Chinese Internet Giants Alibaba and Sina Weibo Partner Up To Launch Weibo Payment

Sina Weibo, the microblogging platform often called “China’s Twitter,” has partnered up with Alipay to launch a new payment platform called Weibo Payment. Users of Sina Weibo’s iOS app can now access Weibo Payment, which is an important part of the strategic partnership between Sina and Alibaba, two of China’s top Internet companies.

In addition to Weibo Payment, Sina Weibo has also added new features that not only facilitate offline payments, but also turn the microblogging service into a CRM platform that allows merchants to manage marketing campaigns and accept payments. Potential users include the 400,000 business accounts currently on Sina Weibo.

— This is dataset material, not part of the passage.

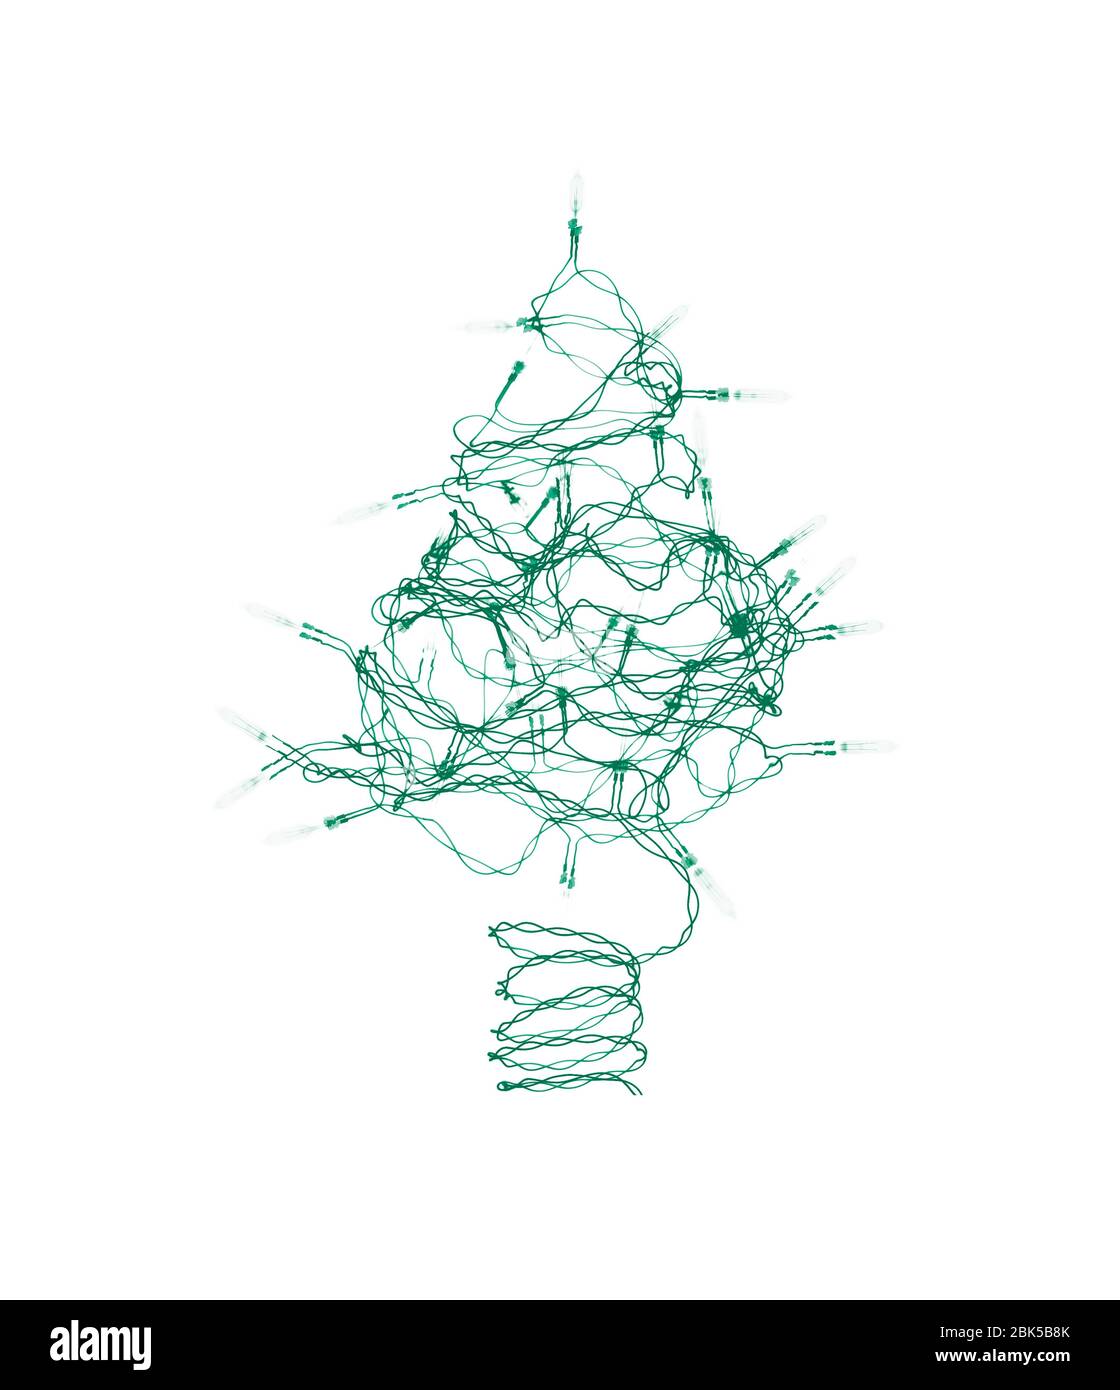 Lumières festives en forme d'arbre, rayons X colorés. Banque D'Images

In a press conference today covered by TechNode (TechCrunch’s partner site in China), Fan Zhiming, the head of Alifinance (Alibaba’s SME financial services provider) in China, said that Weibo Payment was launched to compete directly with WeChat‘s payment services. Though Sina Weibo has played a highly influential role in public discourse within China (and other Chinese-speaking countries), it faces strong competition from WeChat, the messaging app created by competitor Tencent.

Sina Weibo has about 50 million daily active users, compared to WeChat’s 195 million active users per month. Sina Weibo’s growth has also slowed down since the end of 2012 and it has faced problems monetizing the service, which, as TechCrunch’s Kim-mai Cutler noted, recalls the criticism Twitter took several years ago for taking a long time to launch revenue-makers such as promoted tweets and in-stream ads.

Unlike Twitter, however, Sina Weibo will monetize through e-commerce, not advertising revenue, as Alibaba’s CTO told Kim-mai last year after the company took a stake worth $586 million in the microblogging service. Partnering with Alibaba, which dominates China’s rapidly growing e-commerce market, also adds a layer of convenience to Sina Weibo which might encourage existing users to stay and entice people to create new accounts.

In turn, the deal benefits Alibaba because the company has not been as successful with its social networking efforts as e-commerce, and it is important for them to ramp up those services as it heads toward its highly anticipated IPO.

So far, the partnership shows promise. The companies said today that 48% of active daily Sina Weibo users have already integrated their Alibaba accounts so they can share items from Alibaba’s e-commerce platforms, including online marketplaces Taobao and Tmall.

Weibo Payment is supposed to make online and offline payments, as well as social shopping, easier for Sina Weibo users. When a user shares an item from one of Alibaba’s e-commerce sites on their account, a “buy” button now automatically appears that connects to Alipay.

Alipay is currently aggressively targeting offline expansion. Offline payments can be made by scanning QR codes, which are ubiquitous in China despite their lack of popularity in Western markets, with the Sina Weibo and Alipay Wallet apps. Users who scan QR codes with Sina Weibo are automatically given the option of following the merchant’s account. Alipay said that 460,000 businesses supported QR code payments as of November 2013. The app can also use sound waves to connect with vending machines, which makes payments possible even when the devices are offline.

Alipay Wallet, which Alibaba says has been downloaded 100 million times since its launch in 2009, supports payments at vending machines operated by Ubox, ticketing machines in Beijing subway stations, 12306.cn, the online train ticket vendor operated China’s government,  about 20,000 cabs in 10 Chinese cities, and some retail stores. Alipay Wallet also stores e-coupons and loyalty cards, like the Apple Passbook app.

 Before partnering with Alipay, Sina Weibo offered its own payment service called Weibo Wallet, but that failed to gain traction. Sina Weibo head Wang Gaofei said today that Weibo Wallet will now be used instead for Sina’s financial products, which includes a credit service.